Resource links provided by the National Library of Medicine

MedlinePlus related topics: Hemorrhoids
Drug Information available for: Polidocanol

Arm Intervention/treatment
Experimental: Polidocanol foam sclerotherapy
  1. Preparation of the polidocanol foam according to Tessari technique immediately before application (so that the "microbubbles" of the foam did not disintegrate);
  2. Application according to the Blanchard technique (Fig. 2) through a disposable transparent anoscope, with the patient in jackknife position, using a 20mL disposable syringe of the mixture (polidocanol + air) and a reusable 10 cm syringe extender adapted to an intravenous needle;
  3. Patients treated in a maximum of 3 sessions at 3 weeks intervals;
  4. Maximum dose per treatment session of 20mL of mixture of 4mL of polidocanol 3% with 16mL of air;
  5. In each session more than one hemorrhoid cushion could be treated.
Drug: Polidocanol Injectable Foam

Two distinct periods were considered: intervention and follow-up. During the intervention period patients were observed at 3-week intervals (minimum of 3 weeks and maximum of 9 weeks depending on the number of instrumental treatments performed). The required number of sessions of any of the office-based treatments (maximum of 3 sessions) was determined by clinical and anoscopy response (if after the treatment the participant scored zero points in the Sodergren scale or the anoscopy did not reveal significant hemorrhoidal disease, there was no place for additional instrumental therapy and the patient started the follow-up period.

If there was therapeutic failure at the end of the third session or if there was a significant complication (moderate or severe) the patient's participation in the study ended and he was referred for treatment with other type of office-based procedure or surgery.
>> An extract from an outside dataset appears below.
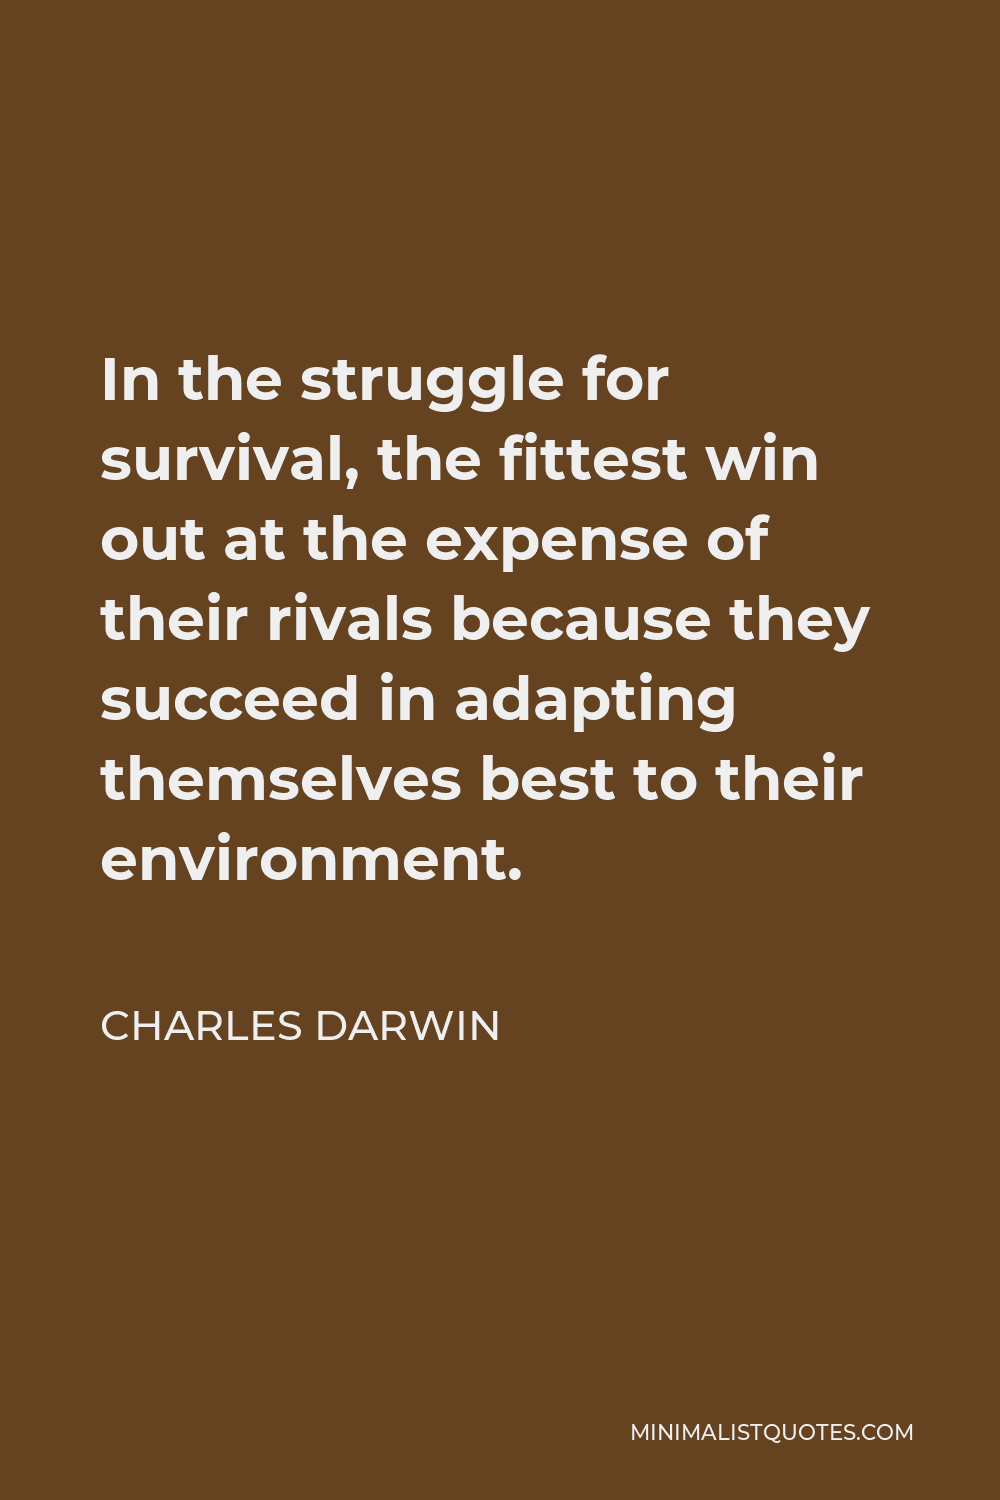 Charles Darwin Quote - In the struggle for survival, the fittest win out at the expense of their rivals because they succeed in adapting themselves best to their environment.

Experimental: Rubber band ligation
  1. Use of reusable metal ligation device connected to a vacuum system (McGown suction method) to apply the rubber bands above the dentated line through a disposable transparent anoscope with the patient in jackknife position;
  2. A maximum of 3 sessions of ligation at 3-week intervals were performed;
  3. More than 1 band per session could be applied.
Device: Rubber band ligation

Two distinct periods were considered: intervention and follow-up. During the intervention period patients were observed at 3-week intervals (minimum of 3 weeks and maximum of 9 weeks depending on the number of instrumental treatments performed). The required number of sessions of any of the office-based treatments (maximum of 3 sessions) was determined by clinical and anoscopy response (if after the treatment the participant scored zero points in the Sodergren scale or the anoscopy did not reveal significant hemorrhoidal disease, there was no place for additional instrumental therapy and the patient started the follow-up period.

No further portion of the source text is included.